▸ Data supplied:
* * *

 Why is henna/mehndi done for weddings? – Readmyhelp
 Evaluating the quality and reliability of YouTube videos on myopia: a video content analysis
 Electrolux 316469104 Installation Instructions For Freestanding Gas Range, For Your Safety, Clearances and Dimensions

* * *

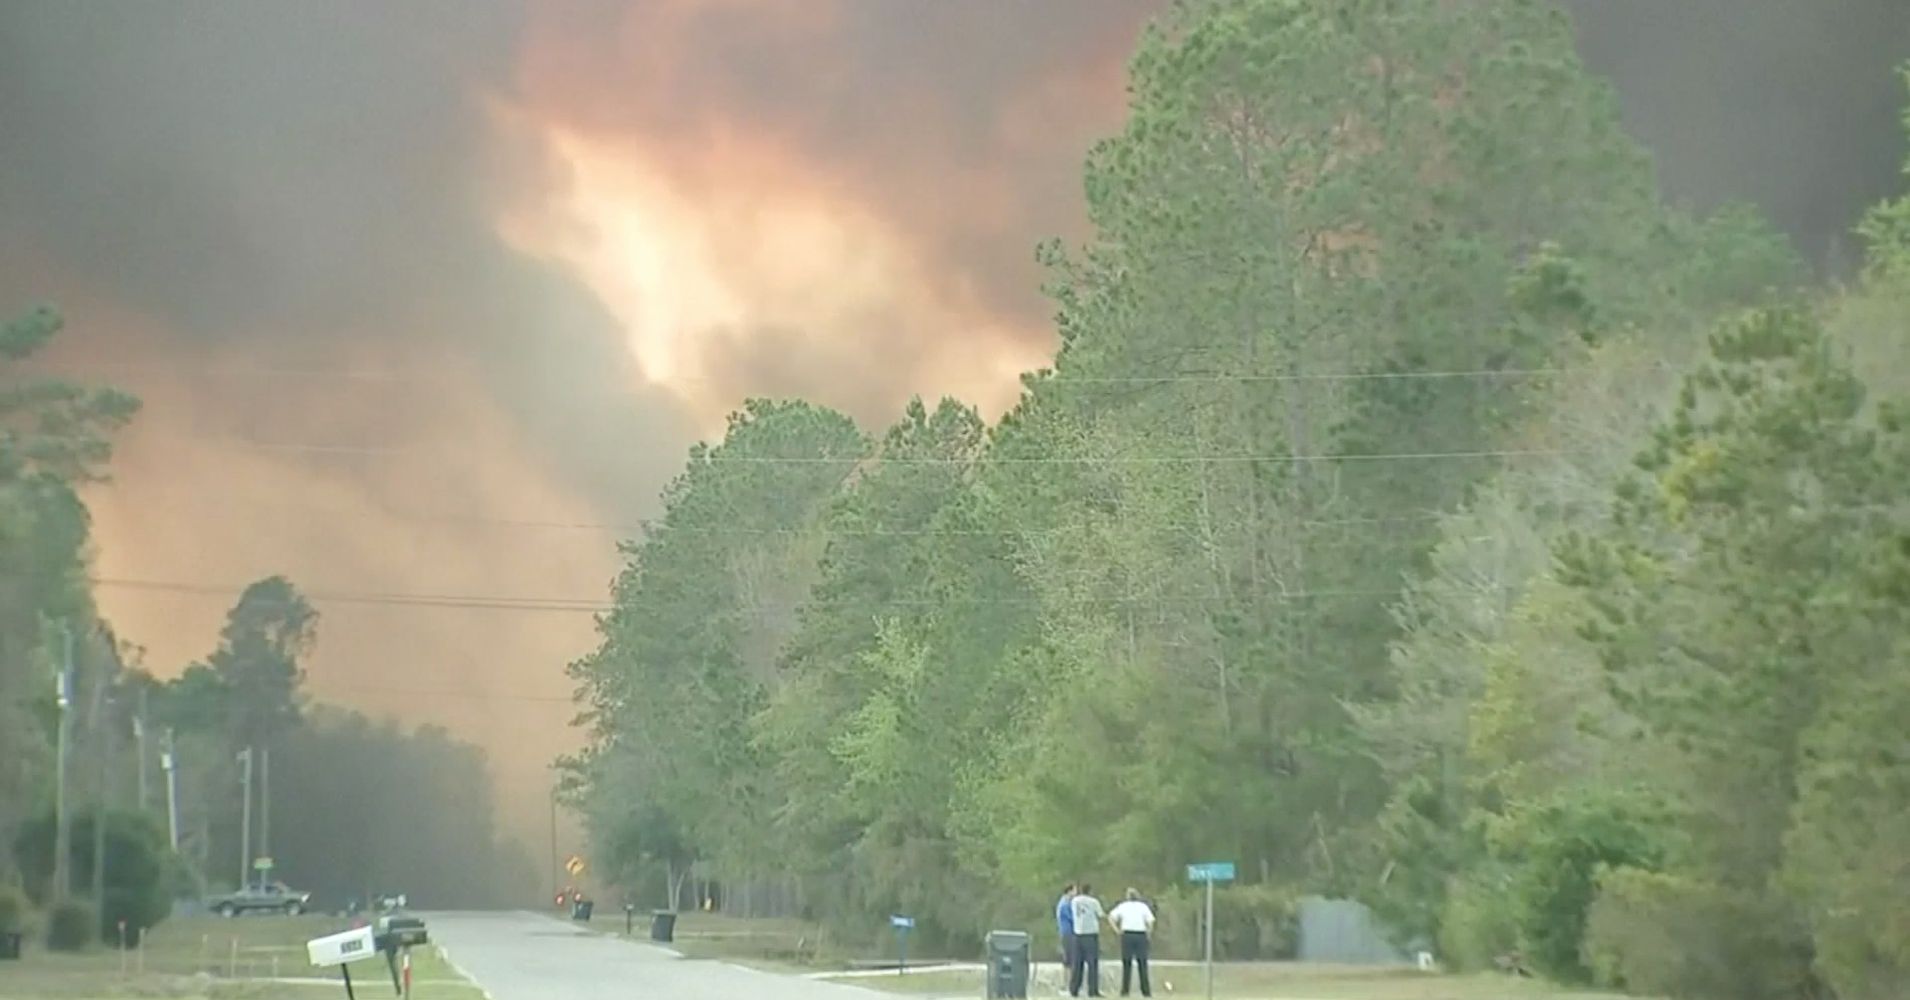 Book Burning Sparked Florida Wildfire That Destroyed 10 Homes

* * *

▸ Assigned task:
Copy the records above exactly, beginning at the line that contains "Why is henna/mehndi" and stopping after the line that contains "Electrolux 316469104 Installation".

▸ Reply:
 Why is henna/mehndi done for weddings? – Readmyhelp
 Evaluating the quality and reliability of YouTube videos on myopia: a video content analysis
 Electrolux 316469104 Installation Instructions For Freestanding Gas Range, For Your Safety, Clearances and Dimensions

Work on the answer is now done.